The Hunt is a series that aims to find the best-in-breed products that we’re all searching for – let’s dig deeper.
You can buy a luggage tag almost anywhere. What you strangely can’t buy very many places is a high quality and tasteful luggage tag. It’s honestly a bit of a paradox. Most small consumer goods in this country are so cheap in both price and make that anyone looking for something well made has to spend an absurd amount of time looking for something that will last longer than a few rungs through the carousel of destruction at the hands of your friend airline baggage handler.
There are actually a lot of synthetic/plastic options out that there that seem decent enough, but I don’t want to put something too tech on my luggage (personal preference maybe). Additionally, there are quite a few companies that make good luggage tags from nice leather, but the problem I always seem to encounter is often that they use cheap hardware. A shitty clasp is a deal-breaker for me, I want something solid that is going to last for at least two decades and I am willing to pay for it. Enter the Tanner Goods luggage tags and my hunt may be over.
Tanner Goods sells luggage tags in a variety of colors of (pictured above and below) that are made from top quality Horween Chromexcel and a solid brass clasp and closure. The design is simple and the construction is nice, it’s everything I want to buy. As an added bonus, they offer it in a natural leather that is going to look amazing in a few years of use. The only thing I don’t really love is the exterior branding on the back side. I know why this is there and I don’t totally fault Tanner Goods for it, but if I’m going to pay the money, I’d like it to be free from branding. That said, I’m sure if you called them and asked for a tag sans logo they would happily oblige.

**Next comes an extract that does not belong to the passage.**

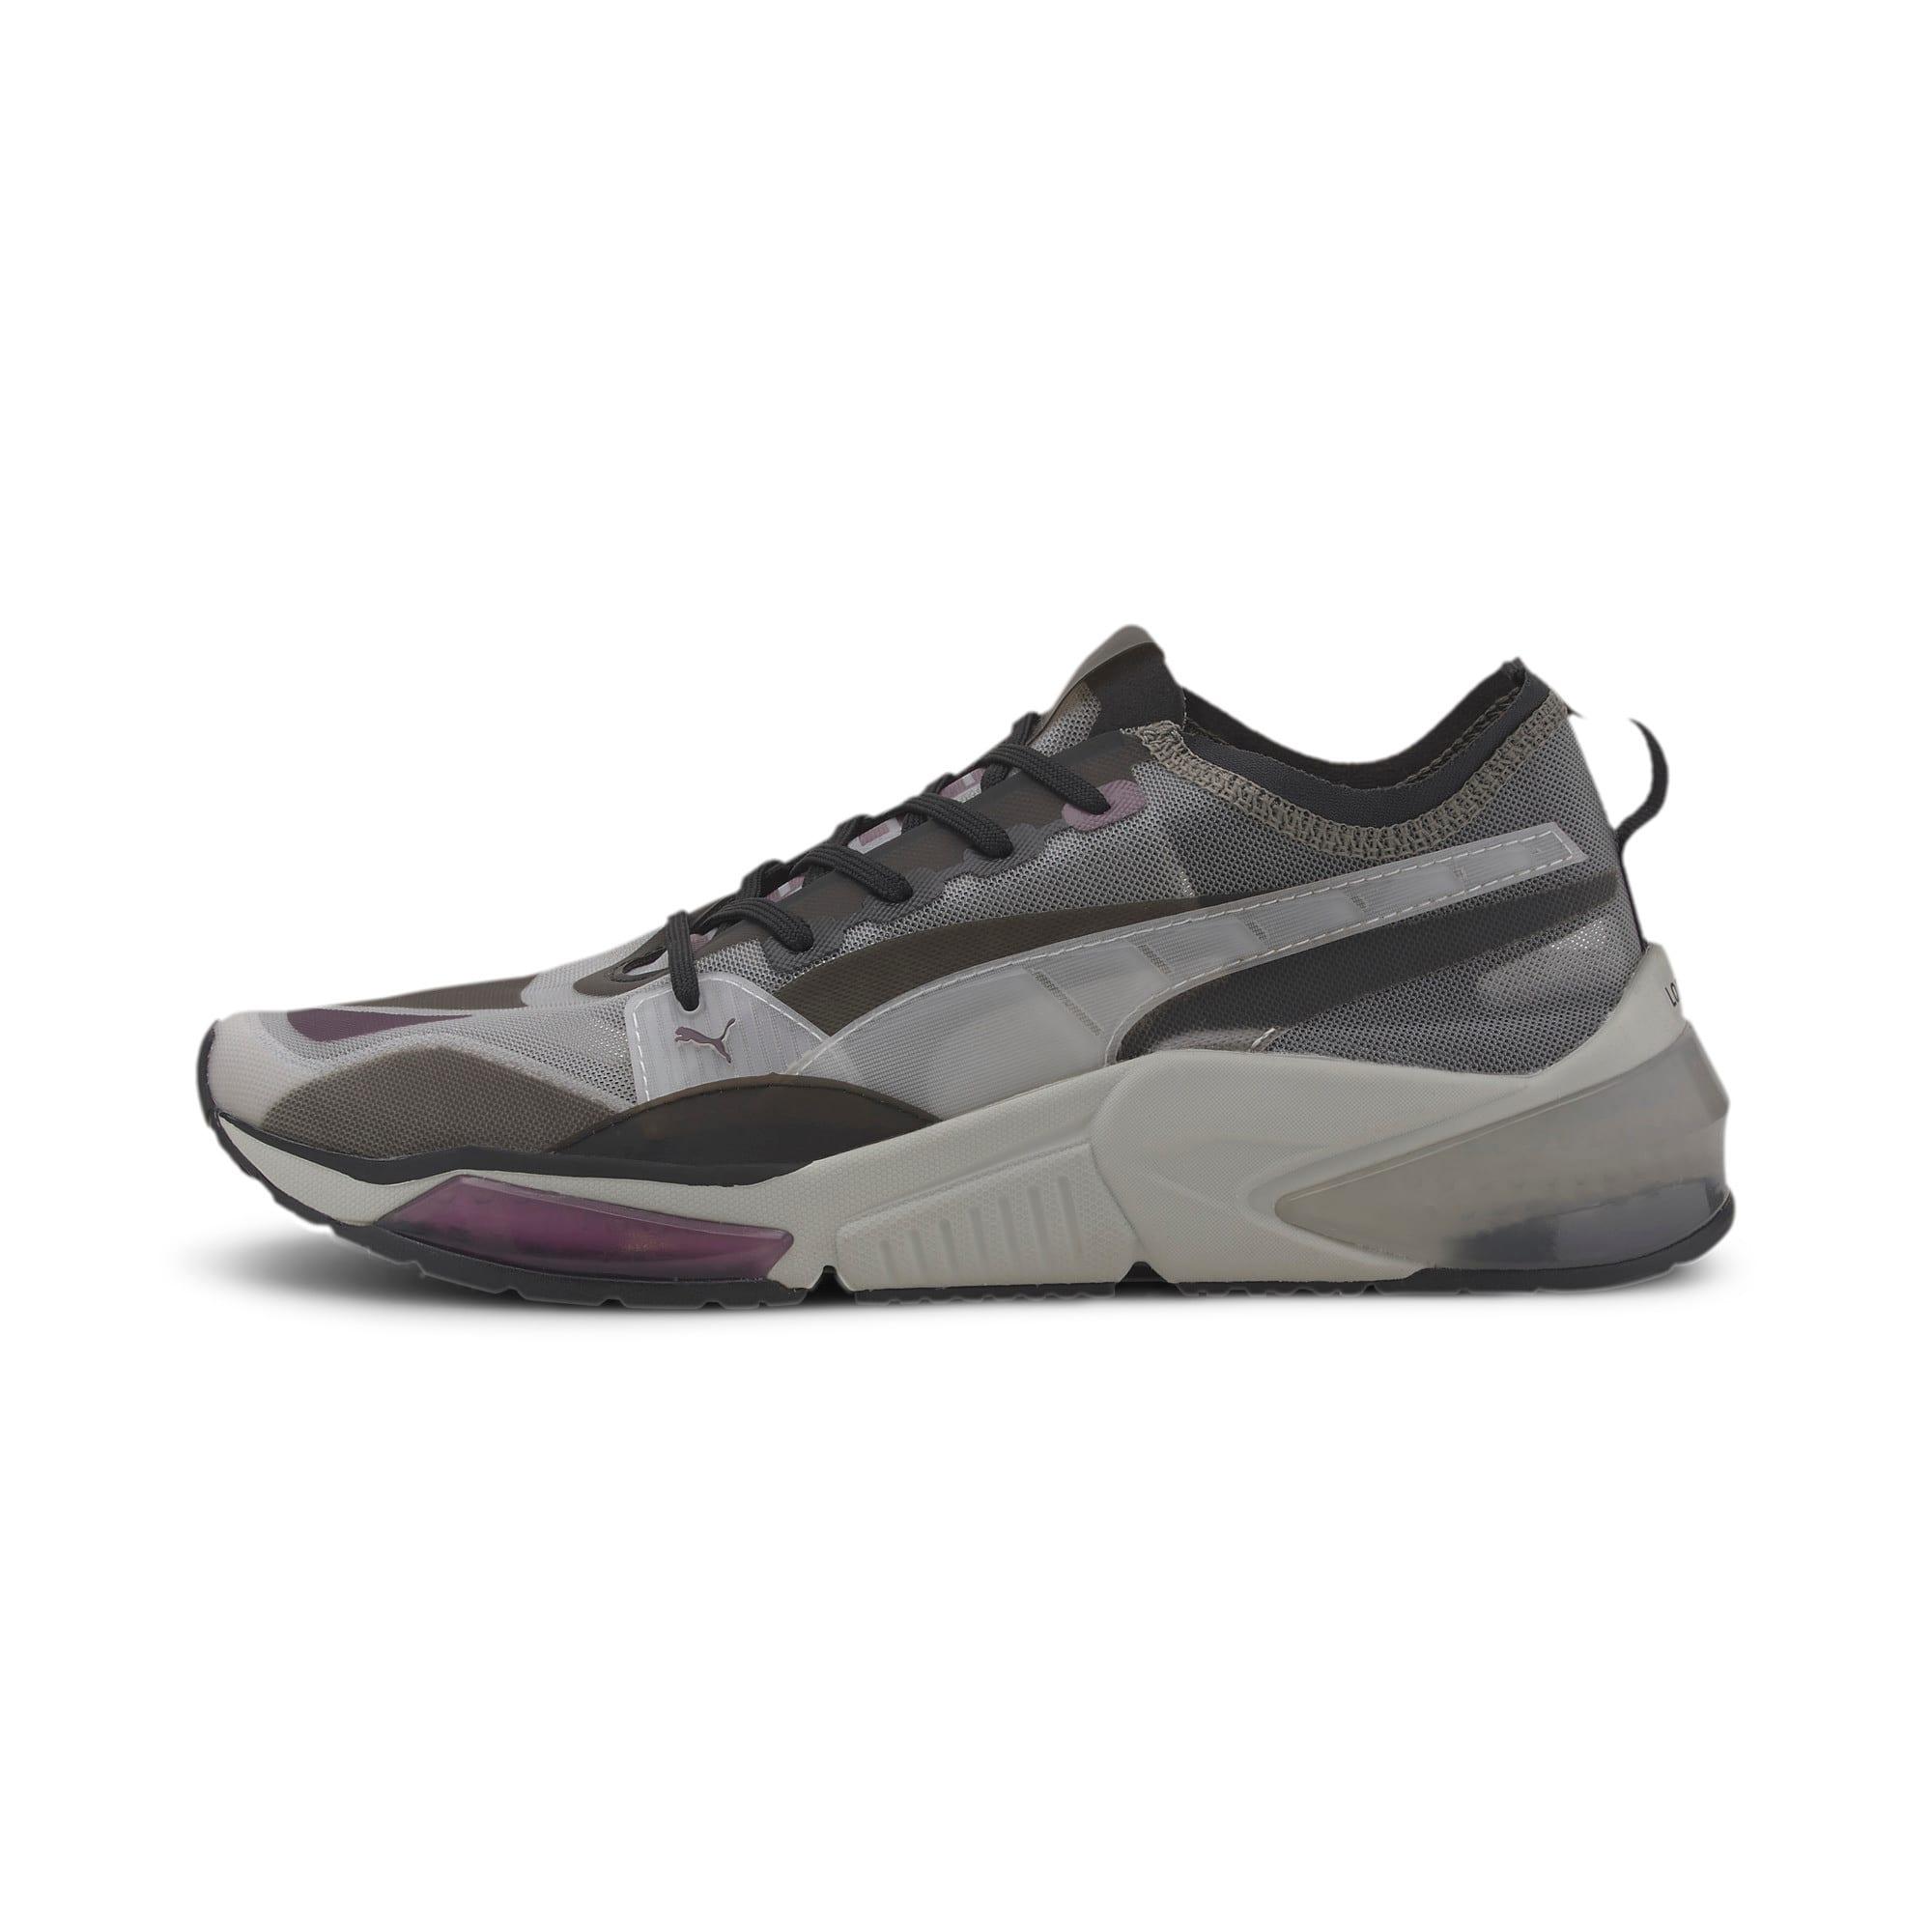 Thumbnail 1 of LQDCELL Optic Sheer Men's Training Shoes, Gray Violet-Puma Black, medium

There’s other companies out there that are also turning quality stuff, Ettinger is one of them. I picked up a collaboration luggage tag that they made for Monocle Magazine and have been quite pleased with it. Made from nice leather and it feels solid. It’s a different thing than what Tanner Goods does, but still pretty good. The gents from Billykirk also makes a great option that has a bit more design to it than the Tanner Goods offerings – some are into that sort of thing and some like the simplicity that Tanner Goods offers. It’s worth pointing out that almost every Billykirk bag comes with a luggage tag, which is a really nice touch.
After a long hunt and far too much thought on this subject, I put forward the Tanner Goods luggage tag as best in class. May you never lose your bag and have to use it.
Comments on “The Hunt | Luggage Tags”
I have a alot of Tanner stuff… this one looks great. I think Filson makes a good tag too… but it didn’t come with a card to shove in there and I used something in a pinch that is still there and looks pretty bad. I like this post though, I agree – hard to find.
What about Filsons luggage tag? They look rather sturdy?
[X] Love it atmo –
Those look quite nice. I have a couple of Apolis luggage tags that have traveled the country several times and keep getting better. Their hardware and leather and ready to battle the baggage handler and remain looking sharp.